▶ Assigned task
Would you please copy every line from the records that contains the word "интернет"?

▶ Records to use

[Start of Attachment]

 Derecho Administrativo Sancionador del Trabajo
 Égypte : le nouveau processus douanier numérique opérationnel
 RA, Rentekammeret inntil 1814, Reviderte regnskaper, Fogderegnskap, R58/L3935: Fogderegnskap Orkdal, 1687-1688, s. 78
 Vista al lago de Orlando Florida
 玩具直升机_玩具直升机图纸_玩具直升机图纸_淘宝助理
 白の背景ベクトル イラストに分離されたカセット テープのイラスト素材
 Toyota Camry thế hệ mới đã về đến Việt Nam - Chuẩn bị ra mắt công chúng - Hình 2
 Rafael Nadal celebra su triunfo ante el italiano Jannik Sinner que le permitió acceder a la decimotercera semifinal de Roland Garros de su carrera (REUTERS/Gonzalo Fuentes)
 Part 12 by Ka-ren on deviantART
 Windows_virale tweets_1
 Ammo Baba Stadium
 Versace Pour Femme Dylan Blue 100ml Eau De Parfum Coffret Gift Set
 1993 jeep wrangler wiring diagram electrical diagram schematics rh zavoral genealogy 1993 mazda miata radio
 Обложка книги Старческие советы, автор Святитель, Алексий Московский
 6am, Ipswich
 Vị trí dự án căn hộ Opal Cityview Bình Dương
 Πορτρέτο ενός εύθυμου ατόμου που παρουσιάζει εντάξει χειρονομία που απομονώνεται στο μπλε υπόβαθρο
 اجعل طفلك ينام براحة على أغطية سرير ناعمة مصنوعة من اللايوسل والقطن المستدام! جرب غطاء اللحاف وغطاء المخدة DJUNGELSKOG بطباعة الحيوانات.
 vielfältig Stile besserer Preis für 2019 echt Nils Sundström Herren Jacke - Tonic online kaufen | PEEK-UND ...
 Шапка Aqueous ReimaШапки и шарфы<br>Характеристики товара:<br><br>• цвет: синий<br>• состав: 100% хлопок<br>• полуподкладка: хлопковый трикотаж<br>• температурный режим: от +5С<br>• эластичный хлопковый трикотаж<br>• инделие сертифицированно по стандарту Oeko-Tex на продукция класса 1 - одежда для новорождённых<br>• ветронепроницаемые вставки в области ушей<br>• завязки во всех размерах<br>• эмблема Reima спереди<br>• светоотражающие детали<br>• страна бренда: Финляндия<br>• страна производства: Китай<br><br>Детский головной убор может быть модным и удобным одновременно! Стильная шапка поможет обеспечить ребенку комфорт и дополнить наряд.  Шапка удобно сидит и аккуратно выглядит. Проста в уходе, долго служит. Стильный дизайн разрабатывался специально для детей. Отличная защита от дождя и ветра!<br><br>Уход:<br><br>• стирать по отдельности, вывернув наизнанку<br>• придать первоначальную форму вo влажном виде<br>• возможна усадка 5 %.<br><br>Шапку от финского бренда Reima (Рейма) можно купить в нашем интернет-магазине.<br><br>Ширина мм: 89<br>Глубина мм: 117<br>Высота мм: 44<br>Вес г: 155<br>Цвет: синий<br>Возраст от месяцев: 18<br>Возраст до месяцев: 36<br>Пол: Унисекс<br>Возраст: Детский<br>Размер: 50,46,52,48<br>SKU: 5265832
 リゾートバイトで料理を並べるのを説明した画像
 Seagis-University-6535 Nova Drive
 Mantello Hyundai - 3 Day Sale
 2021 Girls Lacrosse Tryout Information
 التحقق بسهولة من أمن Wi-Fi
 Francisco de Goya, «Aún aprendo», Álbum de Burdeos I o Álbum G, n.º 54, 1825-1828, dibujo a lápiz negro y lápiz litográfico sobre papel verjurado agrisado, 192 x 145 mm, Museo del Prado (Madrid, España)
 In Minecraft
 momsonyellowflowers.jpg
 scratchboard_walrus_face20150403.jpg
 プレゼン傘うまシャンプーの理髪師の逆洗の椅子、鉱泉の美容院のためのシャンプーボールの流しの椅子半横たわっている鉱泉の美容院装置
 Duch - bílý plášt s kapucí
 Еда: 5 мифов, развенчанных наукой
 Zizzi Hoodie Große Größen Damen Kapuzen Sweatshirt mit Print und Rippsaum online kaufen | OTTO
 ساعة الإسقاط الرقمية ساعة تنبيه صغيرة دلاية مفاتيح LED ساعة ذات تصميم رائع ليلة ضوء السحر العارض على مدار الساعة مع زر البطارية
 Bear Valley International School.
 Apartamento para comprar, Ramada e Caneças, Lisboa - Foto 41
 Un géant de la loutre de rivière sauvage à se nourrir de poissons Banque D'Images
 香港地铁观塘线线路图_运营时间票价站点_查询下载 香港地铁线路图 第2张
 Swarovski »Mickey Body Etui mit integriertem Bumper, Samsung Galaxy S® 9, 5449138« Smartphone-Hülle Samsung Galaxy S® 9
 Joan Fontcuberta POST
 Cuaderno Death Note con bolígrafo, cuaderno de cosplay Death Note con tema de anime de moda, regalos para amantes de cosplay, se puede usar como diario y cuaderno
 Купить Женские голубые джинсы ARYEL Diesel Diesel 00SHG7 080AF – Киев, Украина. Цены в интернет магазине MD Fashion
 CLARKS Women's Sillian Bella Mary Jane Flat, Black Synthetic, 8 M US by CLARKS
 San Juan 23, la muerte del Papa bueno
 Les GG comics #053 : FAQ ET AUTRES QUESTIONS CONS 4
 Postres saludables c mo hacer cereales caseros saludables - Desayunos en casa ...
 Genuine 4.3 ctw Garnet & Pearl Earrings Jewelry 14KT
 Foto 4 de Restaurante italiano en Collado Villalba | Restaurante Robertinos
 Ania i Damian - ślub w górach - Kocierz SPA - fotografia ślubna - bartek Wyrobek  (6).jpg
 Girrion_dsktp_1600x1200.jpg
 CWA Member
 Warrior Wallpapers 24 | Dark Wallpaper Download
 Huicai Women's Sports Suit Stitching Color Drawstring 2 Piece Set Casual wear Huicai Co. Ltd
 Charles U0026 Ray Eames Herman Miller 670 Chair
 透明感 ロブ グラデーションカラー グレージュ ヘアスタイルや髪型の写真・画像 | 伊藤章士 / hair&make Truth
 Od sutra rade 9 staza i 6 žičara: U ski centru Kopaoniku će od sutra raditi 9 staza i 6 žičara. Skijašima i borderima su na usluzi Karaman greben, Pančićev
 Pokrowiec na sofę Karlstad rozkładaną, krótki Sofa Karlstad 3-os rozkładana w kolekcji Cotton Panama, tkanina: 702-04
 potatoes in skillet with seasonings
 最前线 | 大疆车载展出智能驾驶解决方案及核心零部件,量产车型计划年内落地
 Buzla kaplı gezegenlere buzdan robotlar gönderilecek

[End of Attachment]

▶ Solved problem
 Шапка Aqueous ReimaШапки и шарфы<br>Характеристики товара:<br><br>• цвет: синий<br>• состав: 100% хлопок<br>• полуподкладка: хлопковый трикотаж<br>• температурный режим: от +5С<br>• эластичный хлопковый трикотаж<br>• инделие сертифицированно по стандарту Oeko-Tex на продукция класса 1 - одежда для новорождённых<br>• ветронепроницаемые вставки в области ушей<br>• завязки во всех размерах<br>• эмблема Reima спереди<br>• светоотражающие детали<br>• страна бренда: Финляндия<br>• страна производства: Китай<br><br>Детский головной убор может быть модным и удобным одновременно! Стильная шапка поможет обеспечить ребенку комфорт и дополнить наряд.  Шапка удобно сидит и аккуратно выглядит. Проста в уходе, долго служит. Стильный дизайн разрабатывался специально для детей. Отличная защита от дождя и ветра!<br><br>Уход:<br><br>• стирать по отдельности, вывернув наизнанку<br>• придать первоначальную форму вo влажном виде<br>• возможна усадка 5 %.<br><br>Шапку от финского бренда Reima (Рейма) можно купить в нашем интернет-магазине.<br><br>Ширина мм: 89<br>Глубина мм: 117<br>Высота мм: 44<br>Вес г: 155<br>Цвет: синий<br>Возраст от месяцев: 18<br>Возраст до месяцев: 36<br>Пол: Унисекс<br>Возраст: Детский<br>Размер: 50,46,52,48<br>SKU: 5265832
 Купить Женские голубые джинсы ARYEL Diesel Diesel 00SHG7 080AF – Киев, Украина. Цены в интернет магазине MD Fashion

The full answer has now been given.